E-commerce platforms also allow online ordering via websites and provide 24 hour functionality, with a full list of products and their details and real-time stock information. Men’s Wearhouse regularly develop dedicated websites for corporate clients for use by their employees in ordering their company specific corporate wear. Men’s Wearhouse combines E-Commerce production with retail store production a specific numbers that the e-commerce segment brings in is not available. balls.
Men’s Wearhouse Price/Earnings ratio FY 2010 was 22.14 , Jos. A Bank was 17.05, JC Penny was 23.64 and finally industry had a average of 18.04. It is clear that investors do expect Men’s Wearhouse to have high future returns compared to at least some of their competitors and the industry as a whole. Men’s Wearhouse Price/Book ratio or price to equity ratio (P/E) was 1.54, JC Penny’s 1.68, and Jos. A Bank had one of 3.04. The strong performance especially over the FY 2010 has caught the eyes of many investors.
The risk in investing in companies with such high P/E ratios is that since they are selling at a premium, Wall Street has already taken notice of its performance, and consequently, leaves little flexibility for poor performance, thus putting the investor at risk of losing a lot of money if there is a slide in company performance. Additionally, high P/E ratios may suggest that the stock is overvalued due to a band-wagon effect by investors who are caught up in the hype of company’s performance. According to analysts they believe that Men’s Wearhouse is a strong buy. With the future plans of Men’s Wearhouse in 2010 plans to open more stores then they are closing down and to expand their E-Commerce business making them look more promising than in past years.
However, a low P/E ratio indicates that investors feel strongly that is something wrong with the company’s operations and even management and this is why the company is undervalued. This also indicates that the company is in a position for a buyout or sale.
The biggest and maybe most important valuation ratio to examine when analyzing most industries and companies within the industries is the enterprise multiple (EV/EBITDA). This ratio is used for many reasons. In the case of Men’s Wearhouse the enterprise multiple is significant for the reason that it is an accurate determinant for identifying takeover candidates. In the case of a low ratio it usually means that the company might be undervalued and is possibly a good takeover candidate. A higher ratio is exactly the opposite. This will indicate whether the company is overvalued and not a strong takeover candidate.
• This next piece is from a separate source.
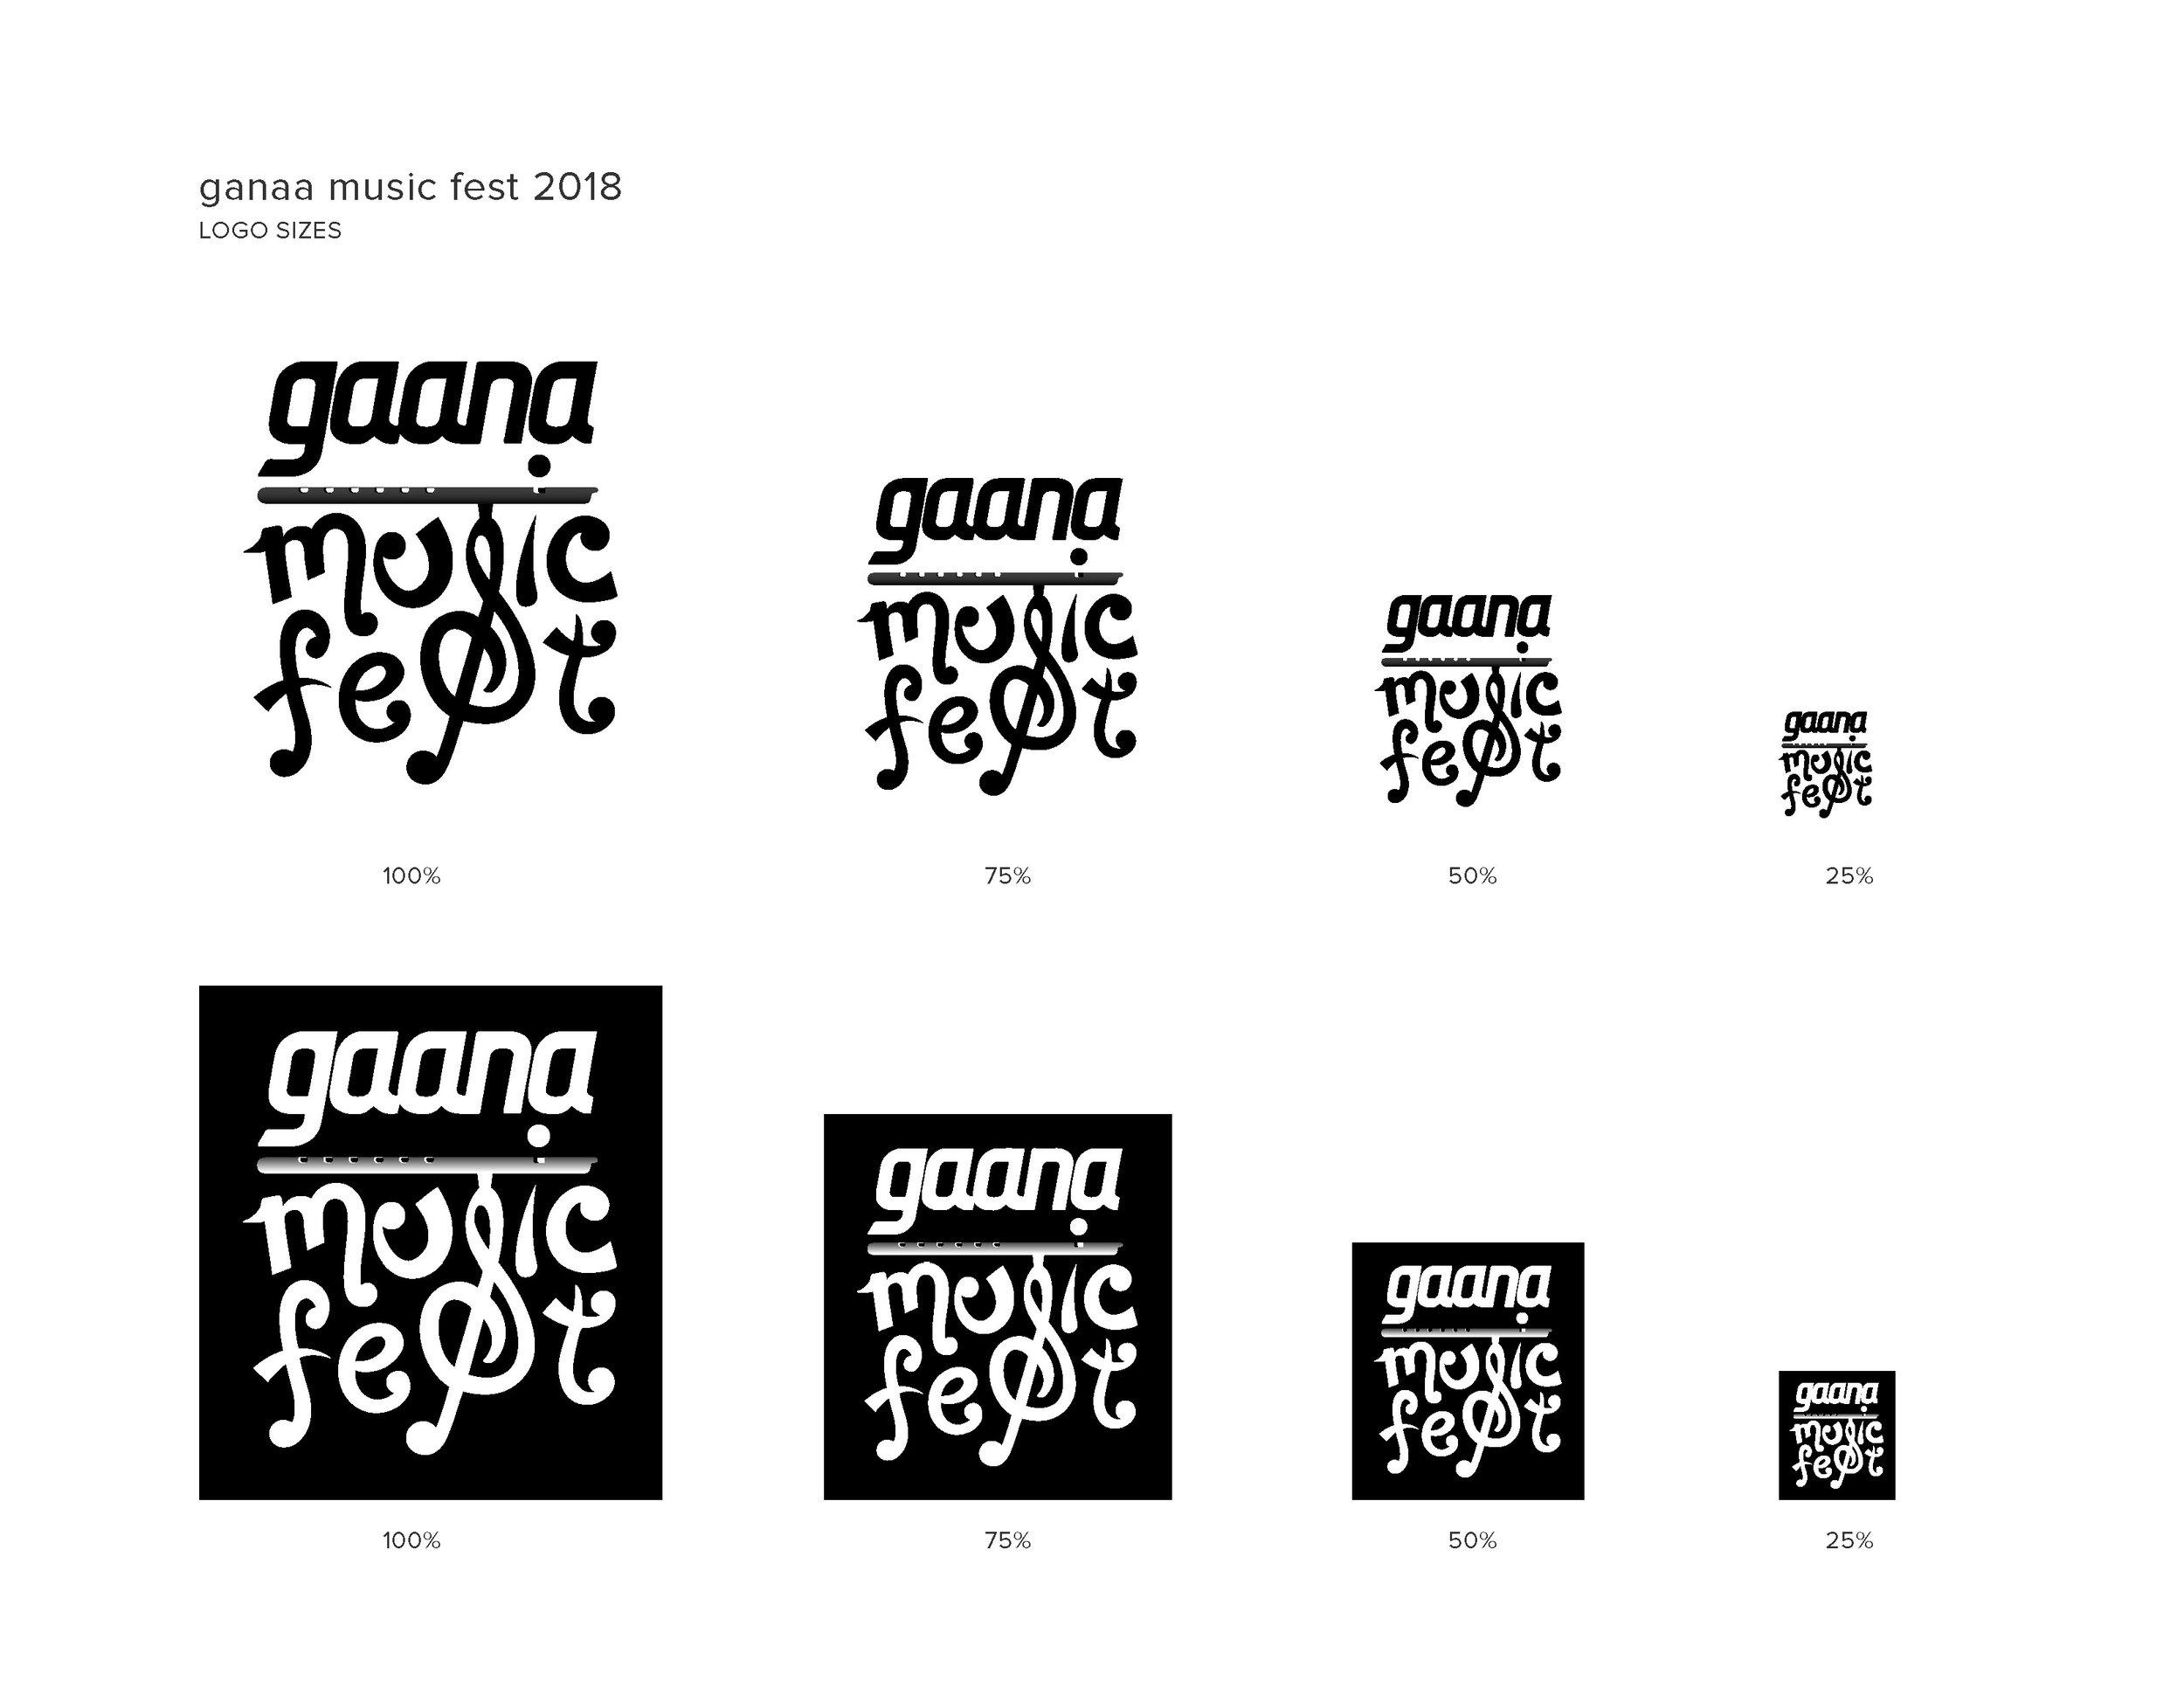 GaanaMusicFest2018_BRANDFINALs_Page_2.jpg
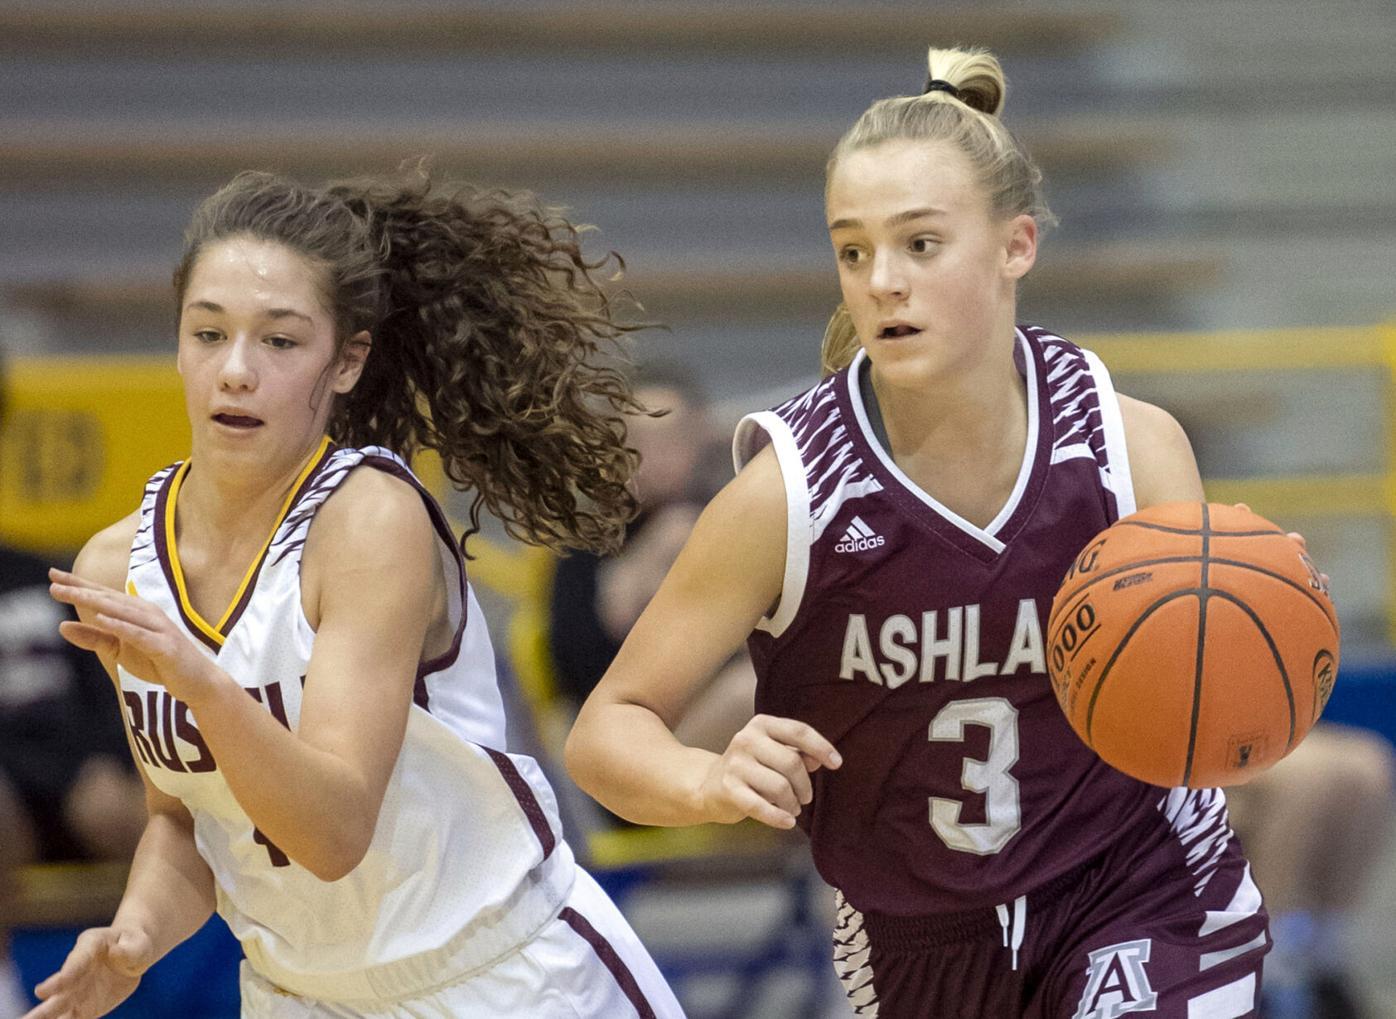 Ashland v Russell Girls

Men’s Wearhouse enterprise multiple is 1.28. If you compare it to the competition JC. Penny has a value of 9.41 and Jos. A Bank has an enterprise value of 1.19. Though they are not the lowest of the competitors there isn’t much of a gap separating Men’s Wearhouse and Jos. A Bank. This means that the company is possibly undervalued and is a good takeover candidate for an investor who is willing to take a small chance not normally taken. Men’s Wearhouse is a strong company that can have potential in the future due to strong management and a core plan for future expansion throughout the industry.
Evident by the (ttm) trailing twelve month data as of January 2011 Men’s Wearhouse has an average profitability compared to competitors. This also stands true for Gross Profit. Once again Men’s Wearhouse is in the middle of the competition. JC Penny is the leader primarily to the fact that they are much bigger company as a whole. Profitability has increased for Men’s Wearhouse over the last couple of years. This is probably due to the fact that the nature of economy is finally becoming better.